Associated ticket: https://github.community/t5/GitHub-Actions/Python-workflow-runs-much-longer-now-than-in-Jan-27-2020/td-p/49428

Area for Triage:

Question, Bug, or Feature?:

Virtual environments affected

[ ] macOS 10.15
[ ] Ubuntu 16.04 LTS
[x] Ubuntu 18.04 LTS
[ ] Windows Server 2016 R2
[ ] Windows Server 2019

Expected behavior

Same speed than before.

Actual behavior

If we take a closer look at the later log, we noticed that the execution had been paused for 2 hours between the following actions:

2020-03-03T17:56:19.4378710Z codalab_worker_1
2020-03-03T19:04:26.1814197Z [CodaLab] Running tests

nikita-bykov commented 4 years ago

Hello @gimenete, @BrightRan! We double checked that there were no changes in the images that may affect the customer's build. We also used the same commit that the customer used in Jan.27.2020 for build and we got the same result as the client (the same time of the build, about 20 minutes) Probably the issue may be related to user's changes in repository and not to changes in our images.

candicegjing commented 4 years ago

Hello @nikita-bykov, thank you very much for helping us investigate this issue. We double-checked our commits after Jan.27.2020, they shouldn't lead the build paused for 2 hours in the middle. We currently have our build on Travis, and it has been stable around 30 minutes.

One thing I noticed that when I was playing with Git Action platform is that if I build the docker images from local and follow the rest of the other steps, it can still fall into the 20 mins time window. However, if I pull the docker images and run the rest of the test instead of building images locally, it will randomly pause for some time during the middle of the tests (not in the image pulling stage). Not sure if this information would be helpful though.

candicegjing commented 4 years ago

Actually, I just reverted our code to the commit on Jan.27.2020 at https://github.com/candicegjing/codalab-worksheets/runs/518107689, it runs for more than 1 hour now. I think this issue still persists in our repo. Please let us know if we can provide any information that would be helpful to investigate this issue.

al-cheb commented 4 years ago

Hello, @candicegjing After some investigation I have reproduced the issue on clean Azure Ubuntu 18.04 vm without any pre-installed software .

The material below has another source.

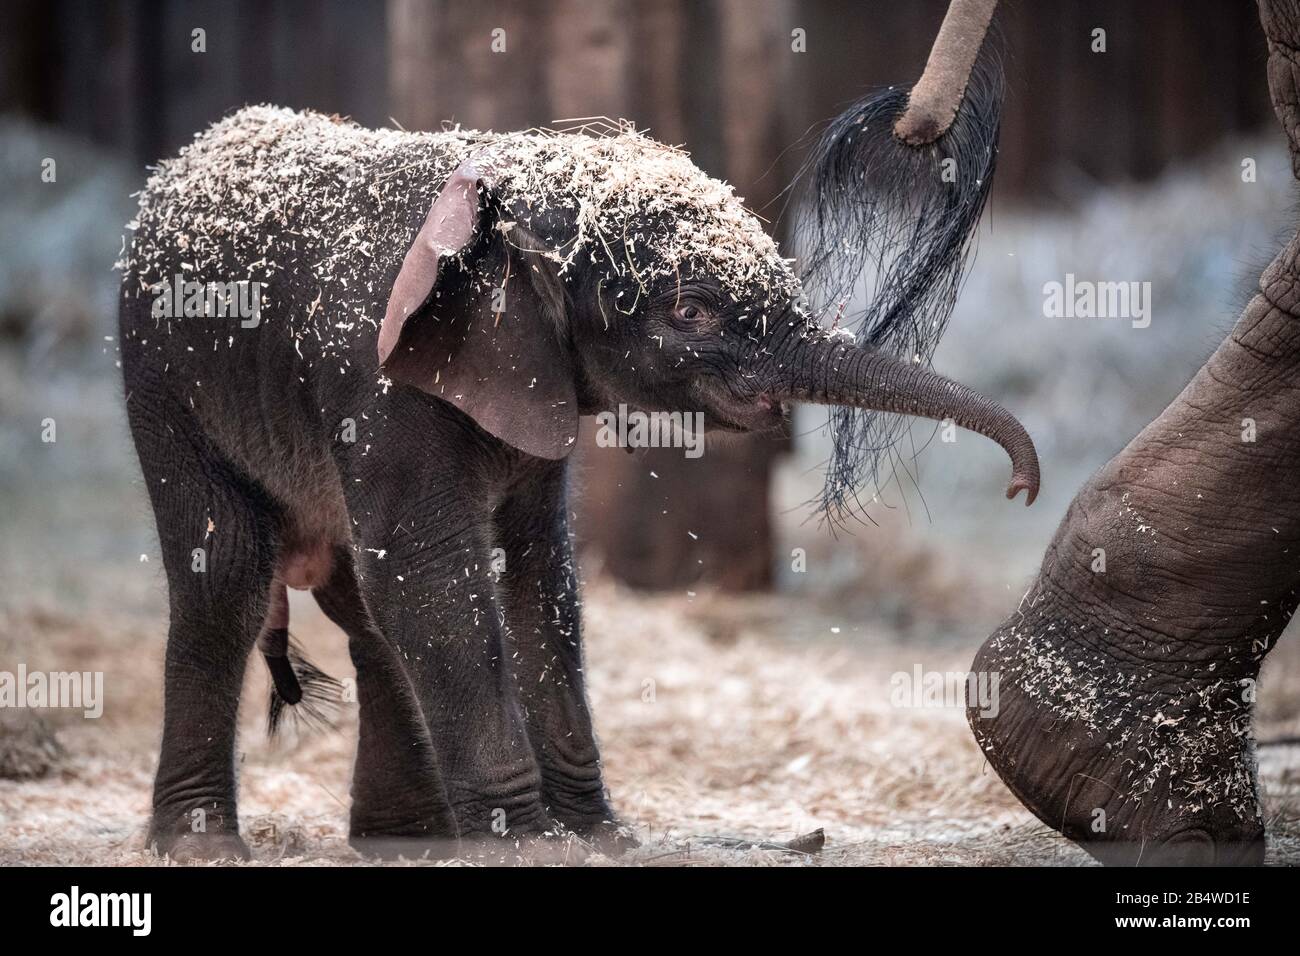 Wuppertal, Deutschland. März 2020. Der Elefantenjunge "Tsavo" befindet sich im Gehege des Zoos. Am Freitag wurde im Zoo Wuppertal ein Baby-Elefant geboren. Die Elefantenkuh 'Sweni' brachte das gesunde männliche Kalb zur Welt. Der Elefantenjunge heißt "Tsavo". Das Elefantenhaus war am Freitag geschlossen, aber ab Samstag ist das Jungtier öffentlich zu sehen. Kredit: Fabian Strauch / epa Scanpix Schweden / dpa / Alamy Live News Stockfoto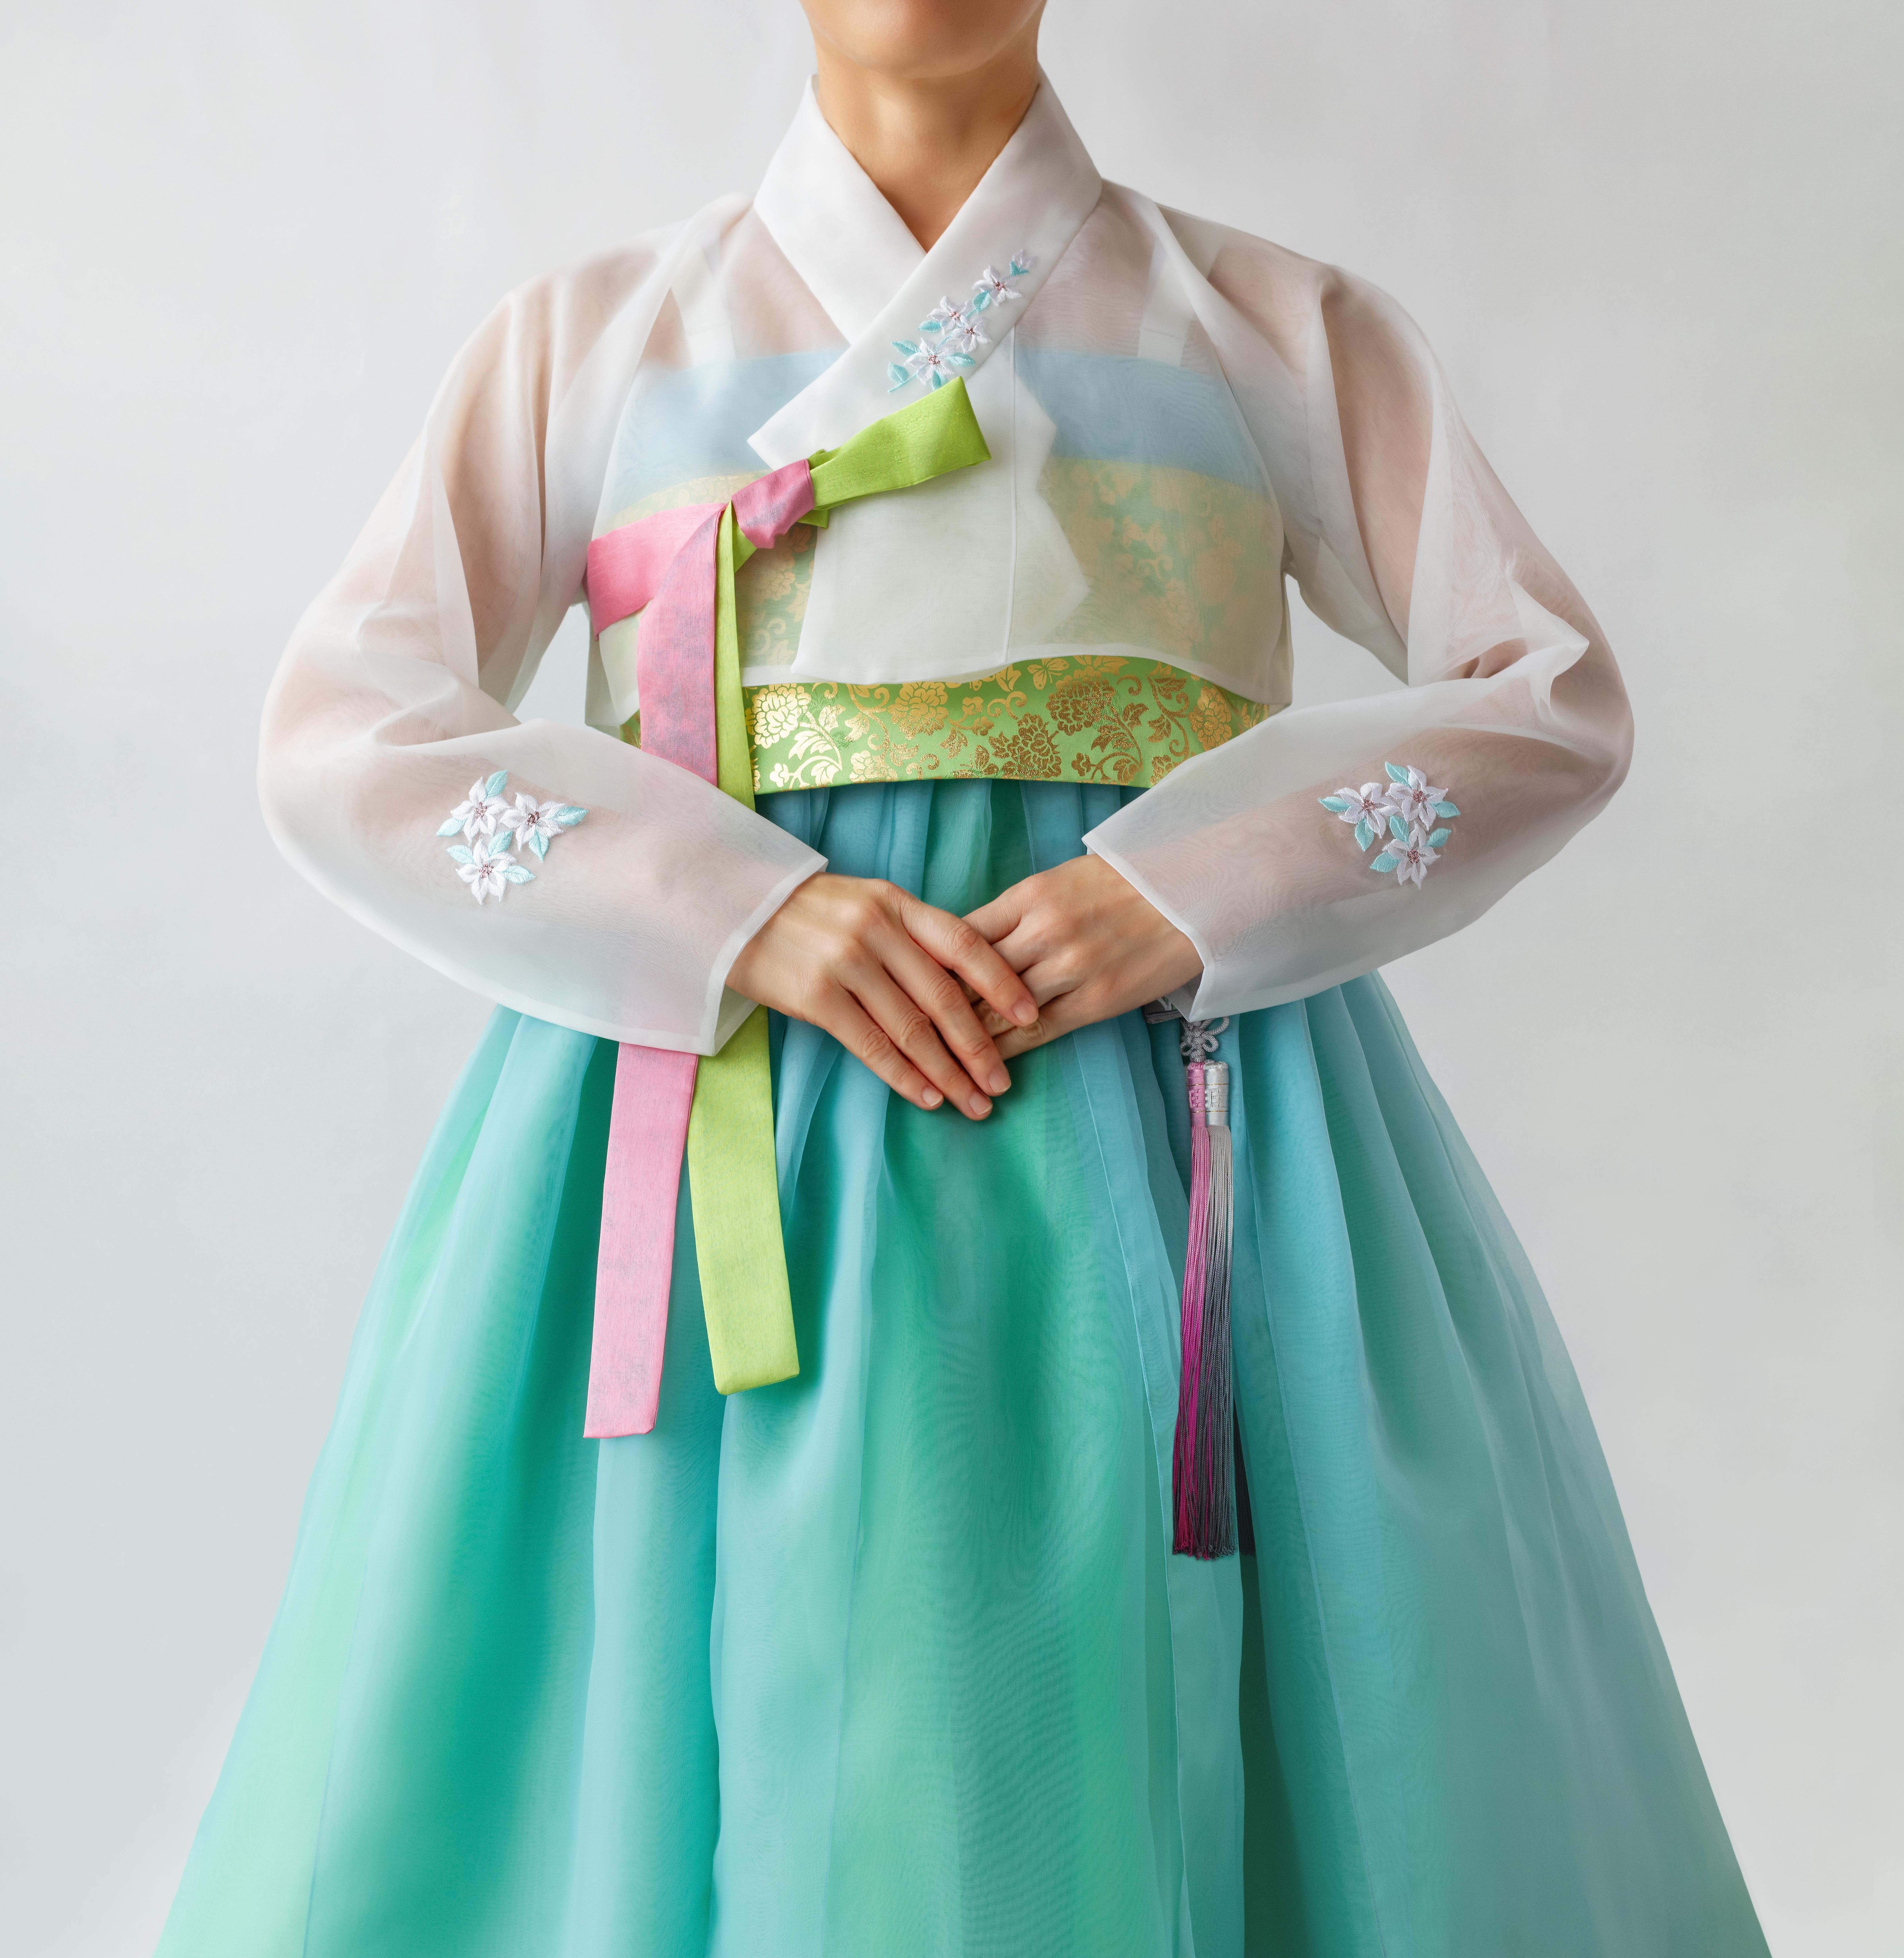 Hanbok | Source: Shutterstock

Process freeze on the stage in various places: python3 codalab_service.py test --version master default

process: >> cl info -f state 0x4184042dde0f4b4788df617b80e67ef9
process:  (exit code 0, expected 0)
process: 
process: running
process: 
process: >> cl kill 0x4184042dde0f4b4788df617b80e67ef9
process:  (exit code 0, expected 0)
process: 
process: 0x4184042dde0f4b4788df617b80e67ef9
process: 
process: >> cl wait 0x4184042dde0f4b4788df617b80e67ef9

The most recurrence places are clr wrm and cl info:

process: >> cl wrm --force 0x51e6882ec1294b9ebe89a149059a204b
process:  (exit code 0, expected 0)
process: 
process: 
process: >> cl info -f state 0x4184042dde0f4b4788df617b80e67ef9
process:  (exit code 0, expected 0)

candicegjing commented 4 years ago

@al-cheb Thank you very much for helping us check this issue. I also saw the 2 hour pause in the build mentioned at https://github.com/actions/virtual-environments/issues/533#issuecomment-600951994. It seems like jobs can be paused at random stages. Do you by any chance know what could cause this issue? When we run this build locally, in Travis and in Git Action (before the end of Jan.2020), we don't see this issue and jobs are able to run seamlessly. I have the following thoughts, please correct me if I am wrong given that I am not the expert of this platform:

Will this affected by Git Action billing although our repository is public and hence there shouldn't be any restrictions?
Will any network configuration changes affect this?
Considering what @nikita-bykov mentioned in https://github.com/actions/virtual-environments/issues/533#issuecomment-599927087, if there is no change on the image itself, what's the next layer on top of the image that could cause this? (e.g. job scheduling part?) The situation looks like the computing resources previously owned by our build are switched out somehow in the middle for 2 hours and then switched back later on.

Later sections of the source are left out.